JPU menghadirkan dua saksi ahli yang akan menguatkan dakwaannya dalam sidang tersebut. Kedua saksi ahli tersebut juga pernah bersaksi dalam persidangan untuk kasus serupa dengan terdakwa Buni Yani. Kedua orang itu adalah ahli digital forensik dari Polda Metro Jaya, Saji Purwanto dan ahli hukum pidana Universitas Trisakti, Effendi Saragih.
Baca : Alasan Guntur Romli Bersedia Bersaksi di Sidang Jonru Ginting
Sidang Jonru yang berlangsung hari ini, merupakan kelanjutan dari sidang 30 Januari 2018 lalu yang dibatalkan karena ketidakhadiran dua saksi. Sidang kemarin juga dibatalkan karena istri Jonru, Hendra Yulianti menolak memberikan kesaksian.
"Sesuai Kitab Undang-Undang Hukum Pidana (KUHAP), istri terdakwa bisa menolak menjadi saksi.
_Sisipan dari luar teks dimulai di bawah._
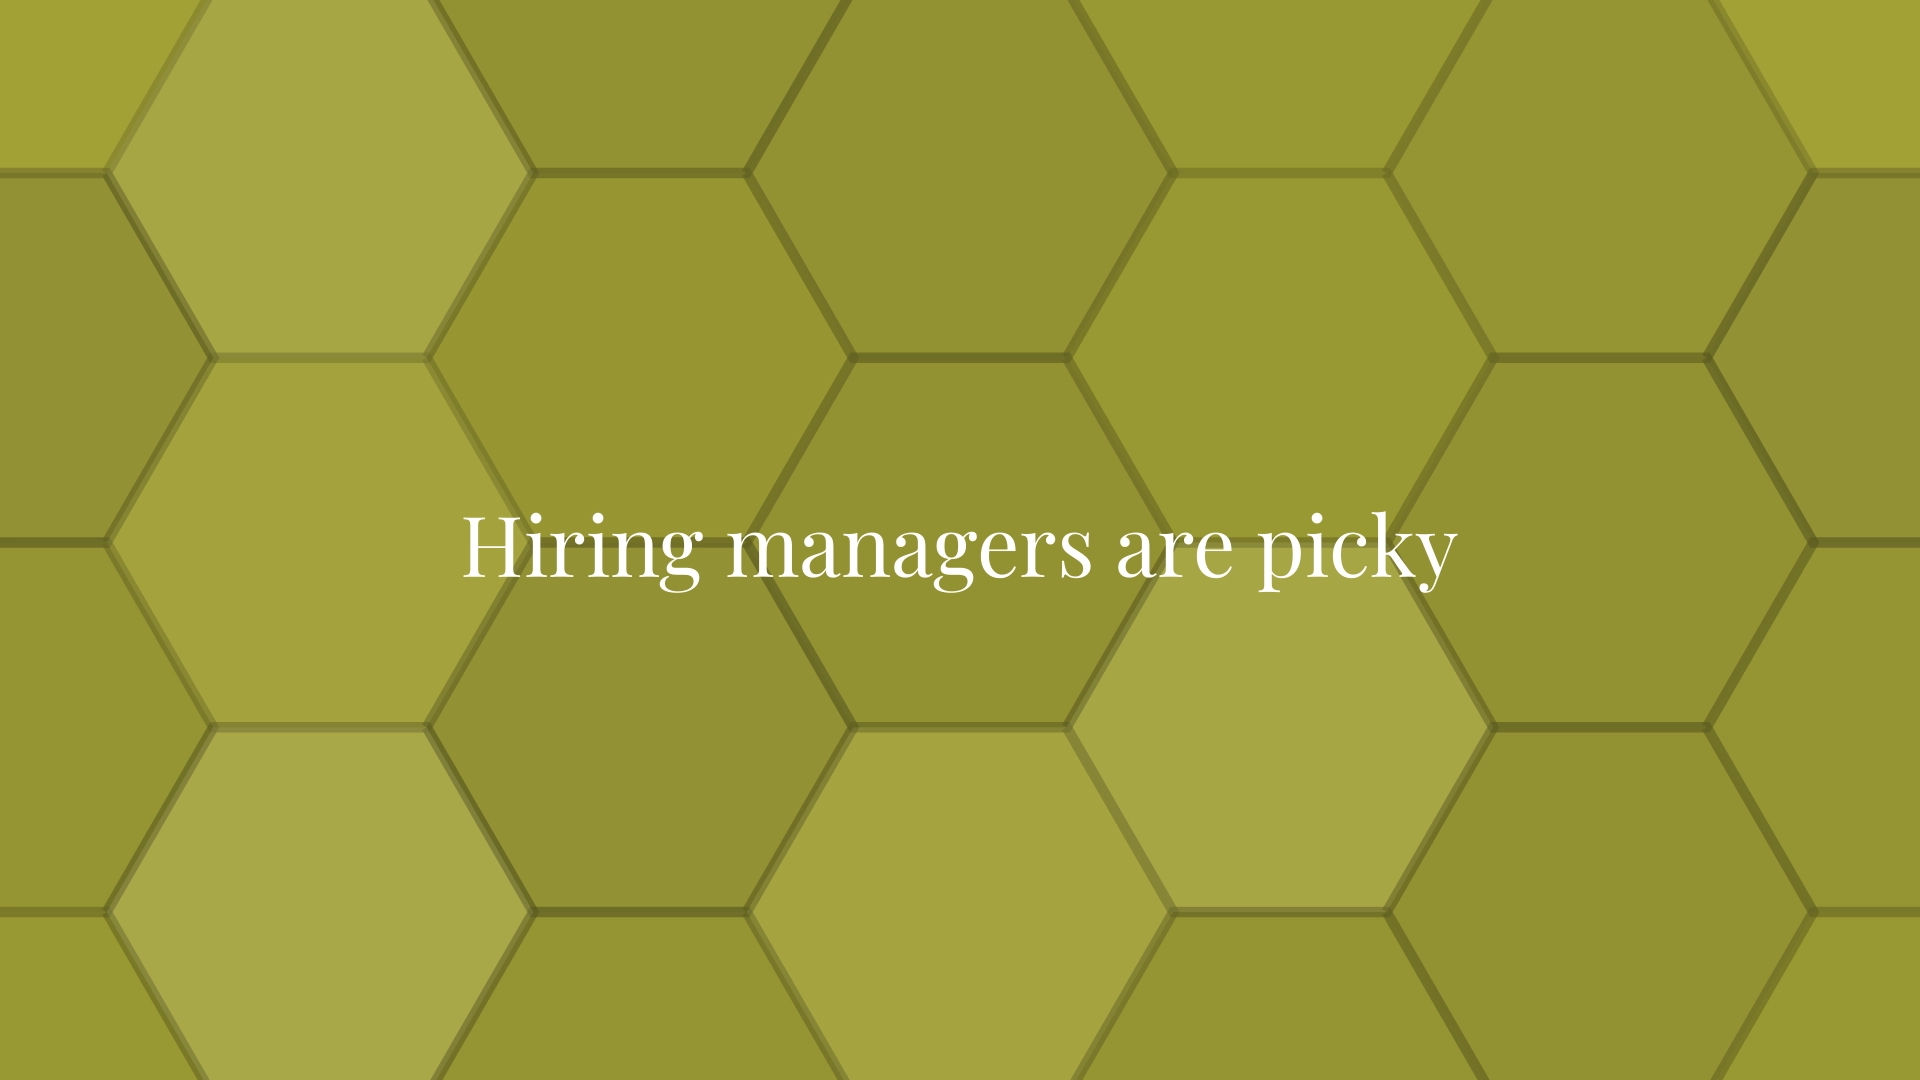 Hiring managers are picky
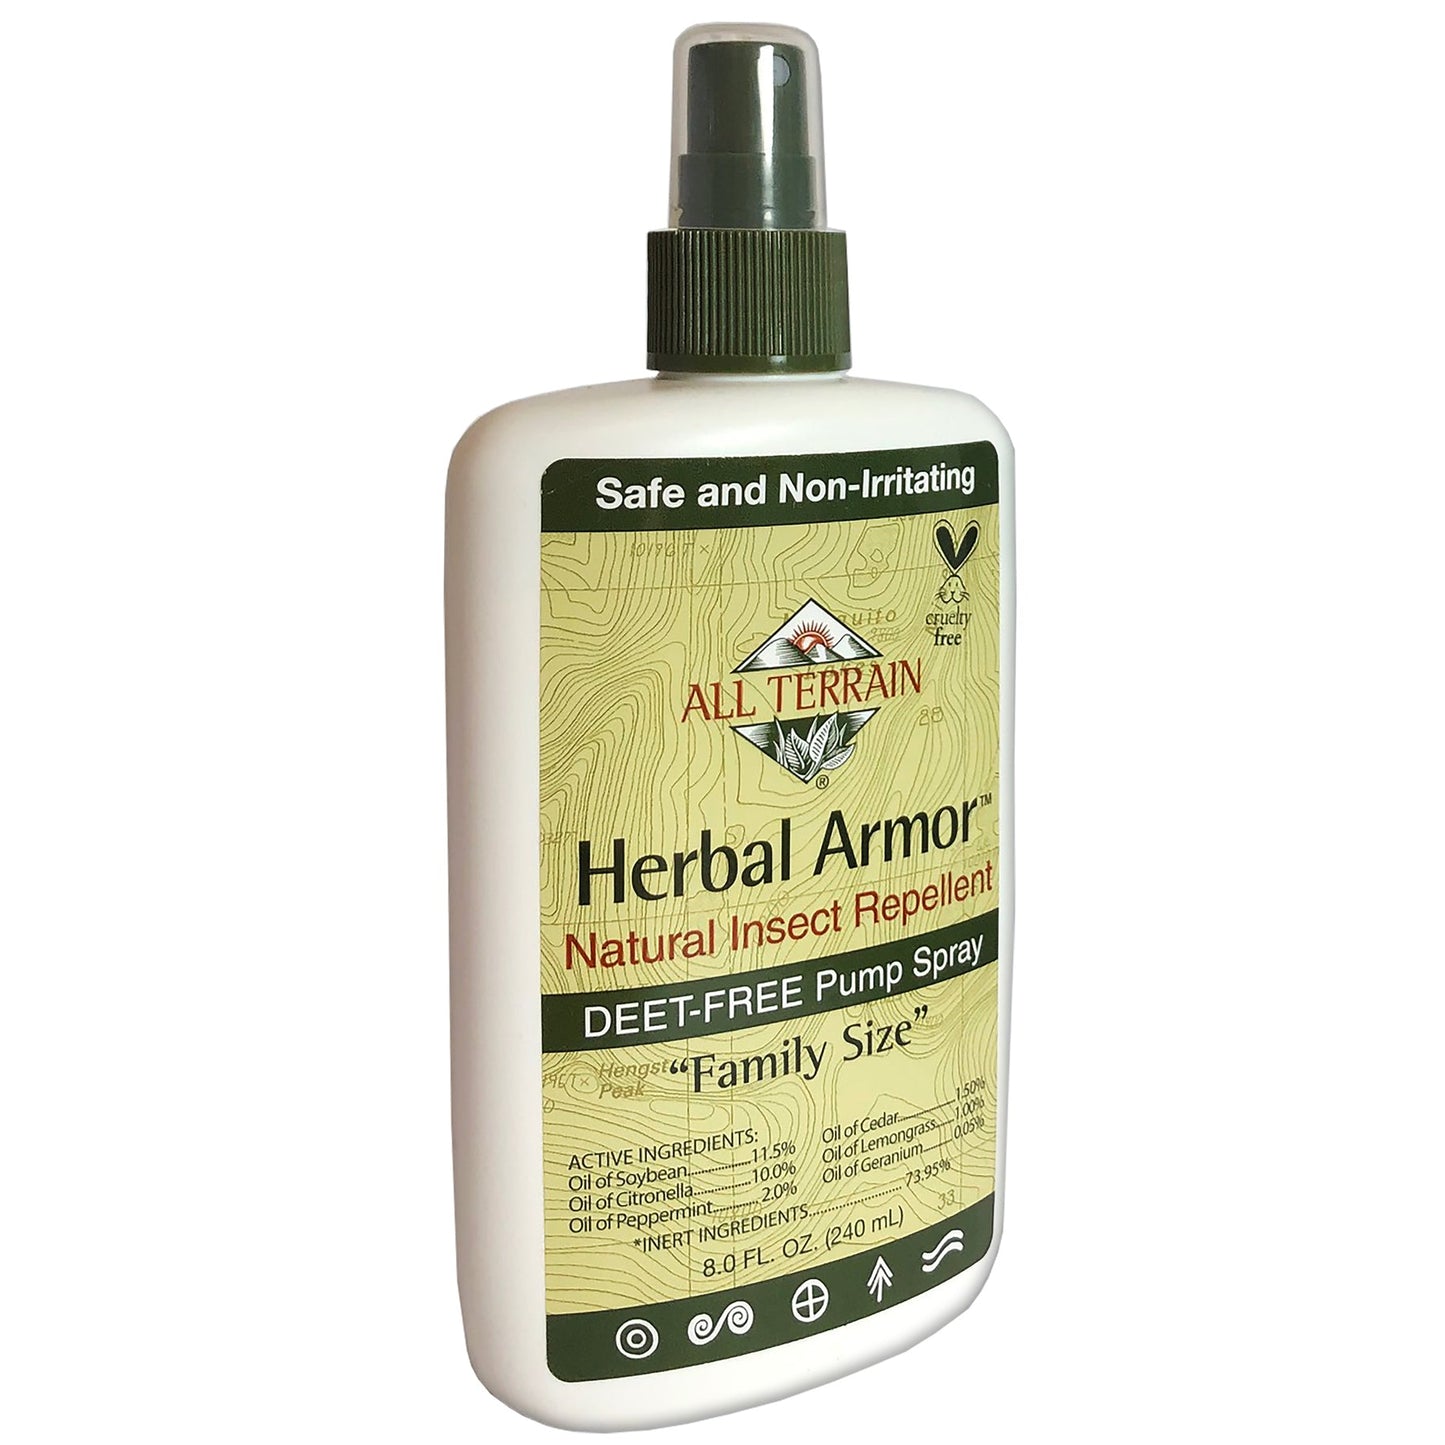 All Terrain Herbal Armor Insect Repellent 8 oz

Lalu dia menolak, hakim mengabulkan, dan jaksa penuntut umum (JPU) menerima," ujar kuasa hukum Jonru Ginting, Dedi Suhardadi, saat ditemui di Pengadilan Negeri Jakarta Timur, Selasa, 30 Januari 2018.
Dedi menjelaskan, dua saksi yang harusnya hadir pada persidangan adalah mantan pegawai dan seorang pegawai Jonru Ginting. Menurut Dedi, keduanya tidak bisa hadir tanpa keterangan yang jelas.
Jonru Ginting ditetapkan sebagai tersangka dan langsung ditahan oleh penyidik Direktorat Kriminal Khusus Polda Metro Jaya pada Jumat, 29 September 2017. Jonru dilaporkan oleh Muannas Alaidid atas tuduhan ujaran kebencian karena menulis status di Facebook yang dinilai menghujat suku, agama, dan ras tertentu.
Atas perbuatannya, polisi menjerat Jonru Ginting dengan Pasal 28 Ayat 2 juncto Pasal 28 Ayat 2 Juncto Pasal 45 Ayat 2 Undang-Undang Nomor 19 Tahun 2016 tentang Perubahan UU RI Nomor 11 Tahun 2008 tentang Informatika dan Transaksi Elektronik (ITE) dengan ancaman hukuman di atas lima tahun penjara
Jonru Ginting juga diduga melanggar UU Nomor 40 tahun 2008 tentang Penghapusan Diskriminasi Ras dan Etnis dengan hukuman maksimal 5 tahun penjara. Selain itu, karena dianggap telah melakukan perbuatan tercela itu secara berulang, Jonru juga dijerat dengan Pasal Pasal 156 KUHP tentang Penghinaan Terhadap Suatu Golongan Tertentu dengan ancaman maksimal lima tahun penjara.